RECORDED DATA>
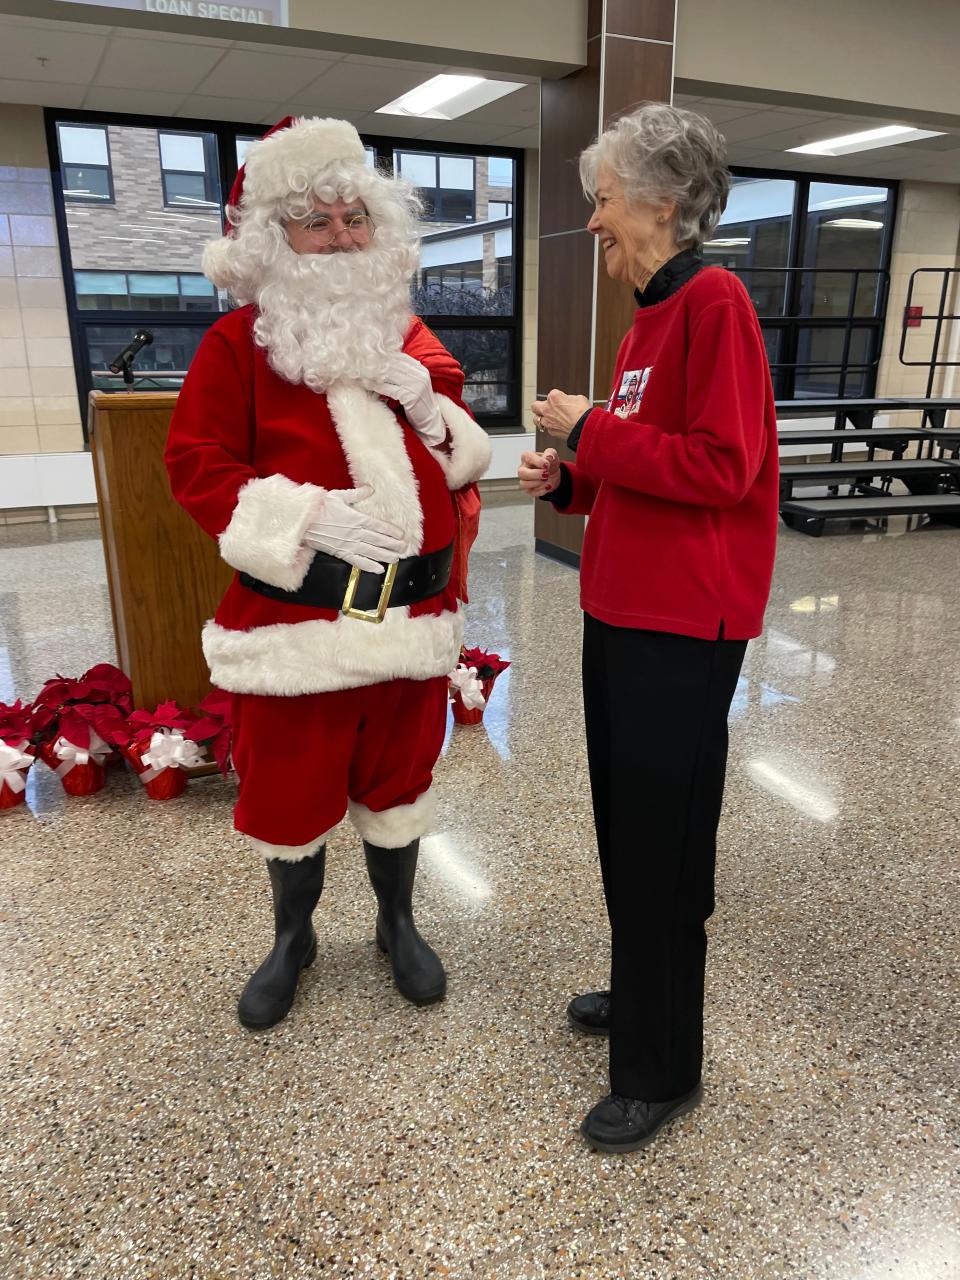 Santa (National Honor Society member Noah Zimmerman) greets Marty Brown at the Port Clinton High School’s Holiday Breakfast with the Arts. Local residents enjoyed breakfast and a morning concert which has become a holiday tradition at Port Clinton High School.
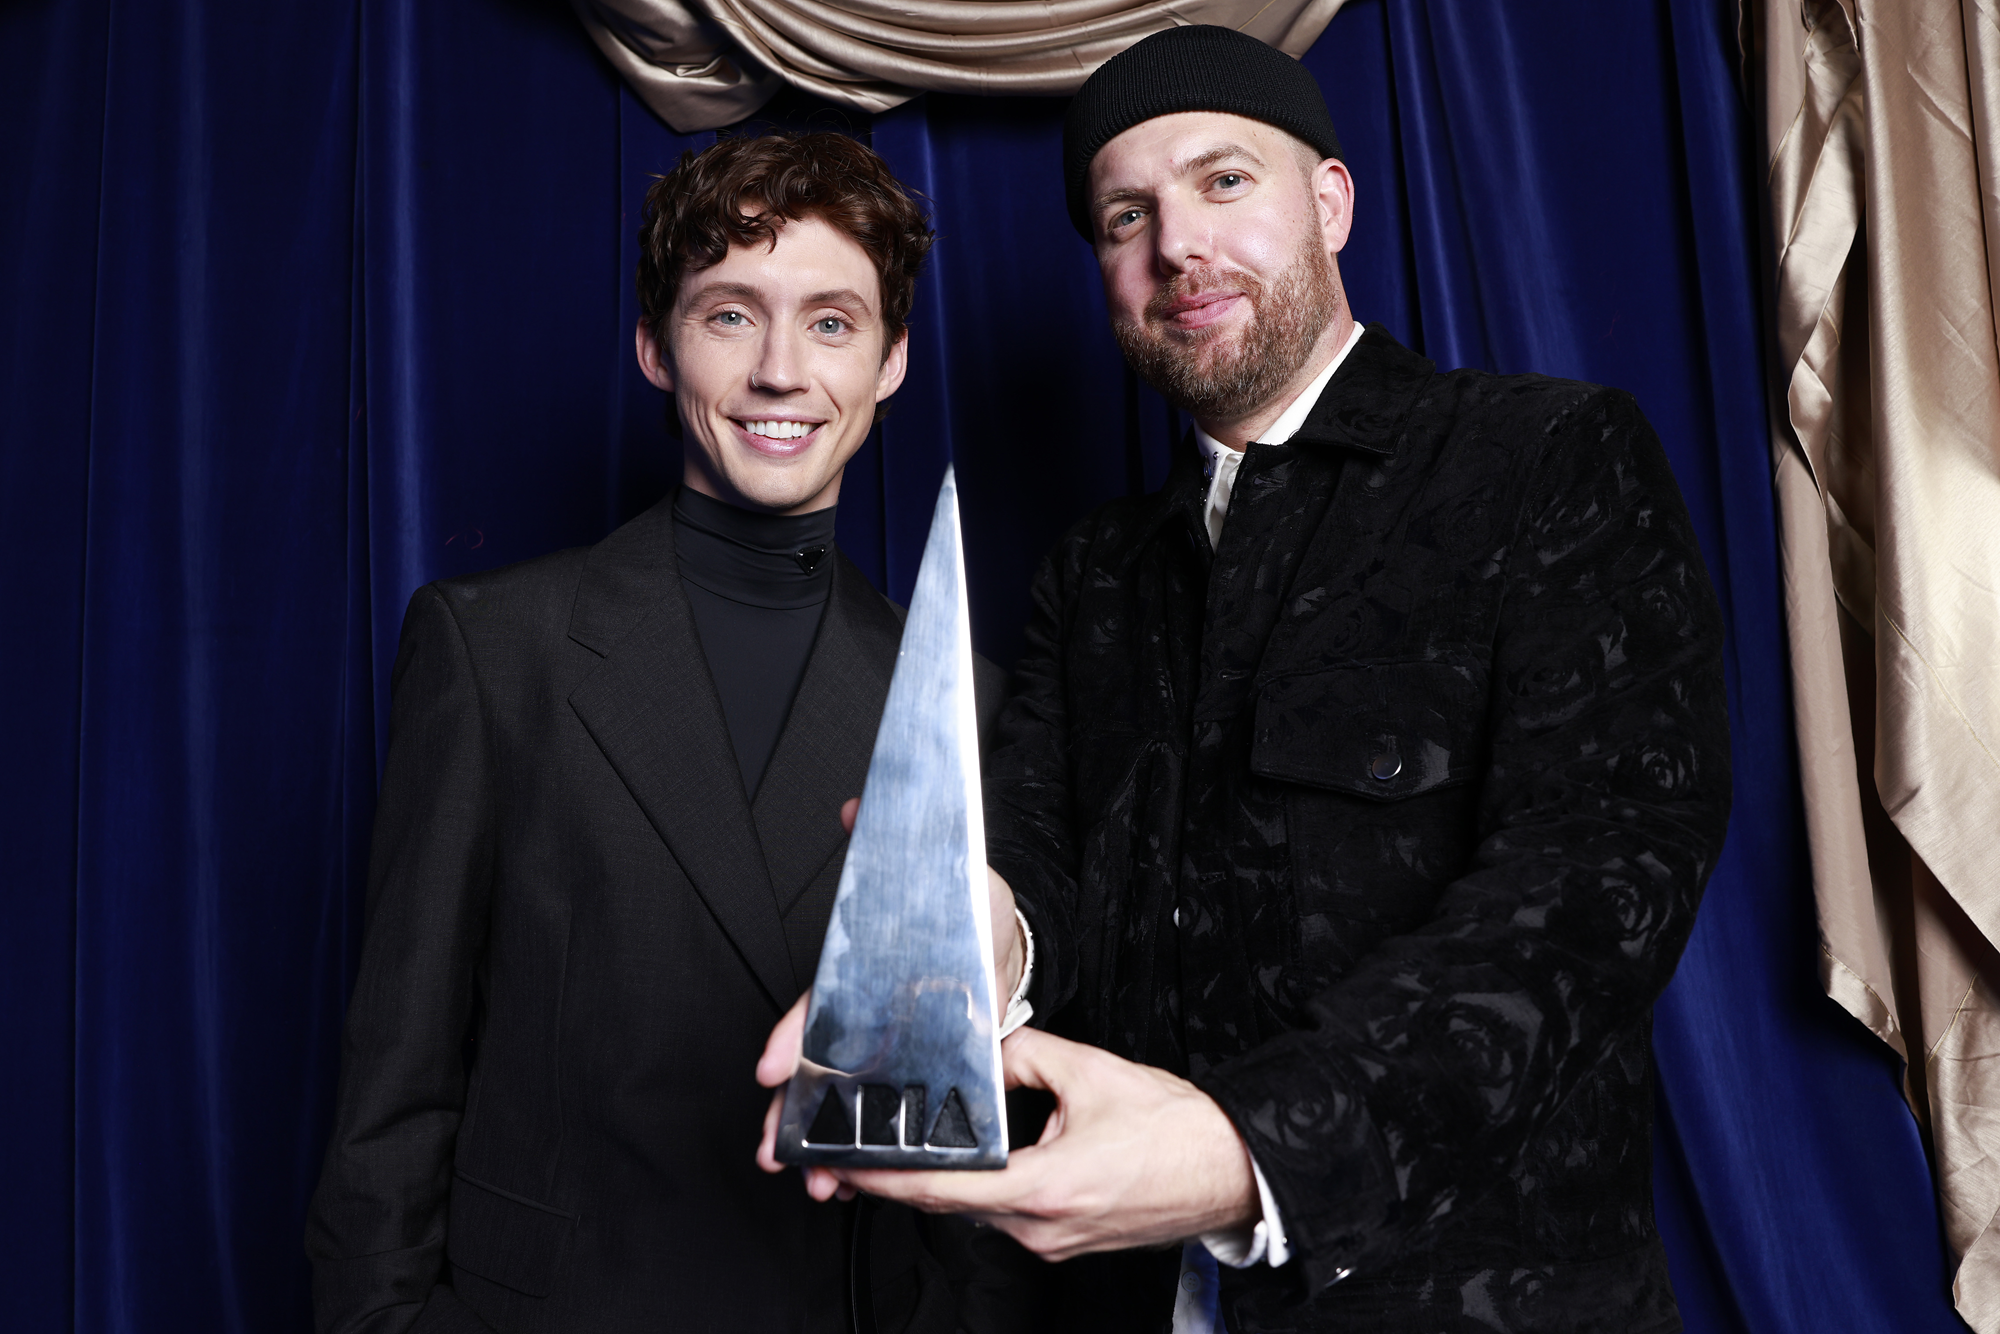 Styalz Fuego (R) poses with Troye Sivan holding an Aria
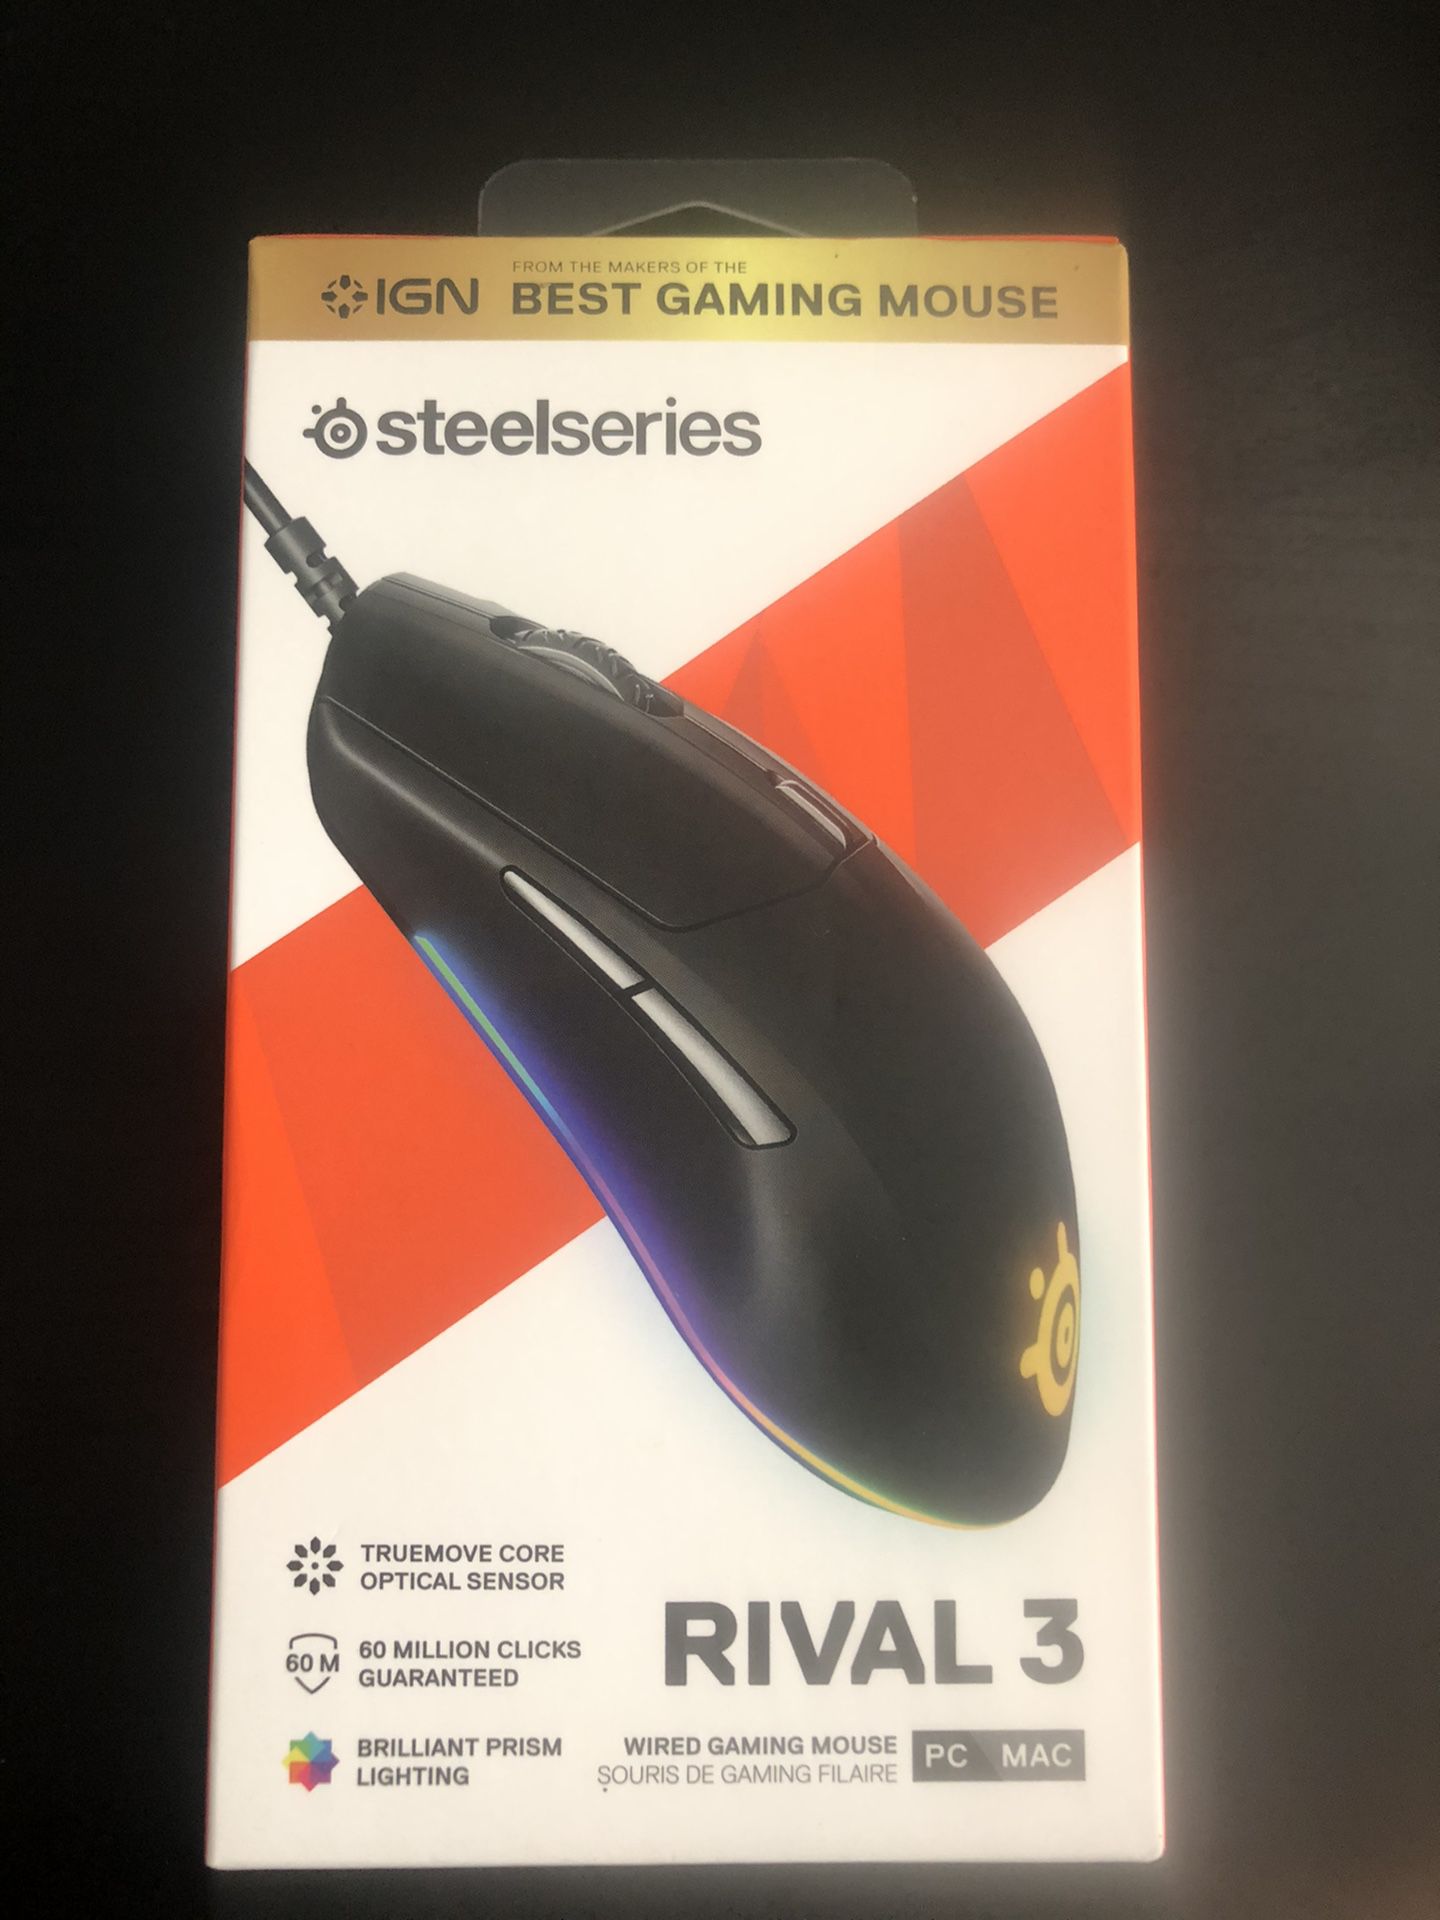 steelseries Rival 3 gaming mouse

WHAT YOU HAVE TO DO> Every line of the listing above is to be set down verbatim, without the pictures.

FINISHED TASK>
 Santa (National Honor Society member Noah Zimmerman) greets Marty Brown at the Port Clinton High School’s Holiday Breakfast with the Arts. Local residents enjoyed breakfast and a morning concert which has become a holiday tradition at Port Clinton High School.
 Styalz Fuego (R) poses with Troye Sivan holding an Aria
 steelseries Rival 3 gaming mouse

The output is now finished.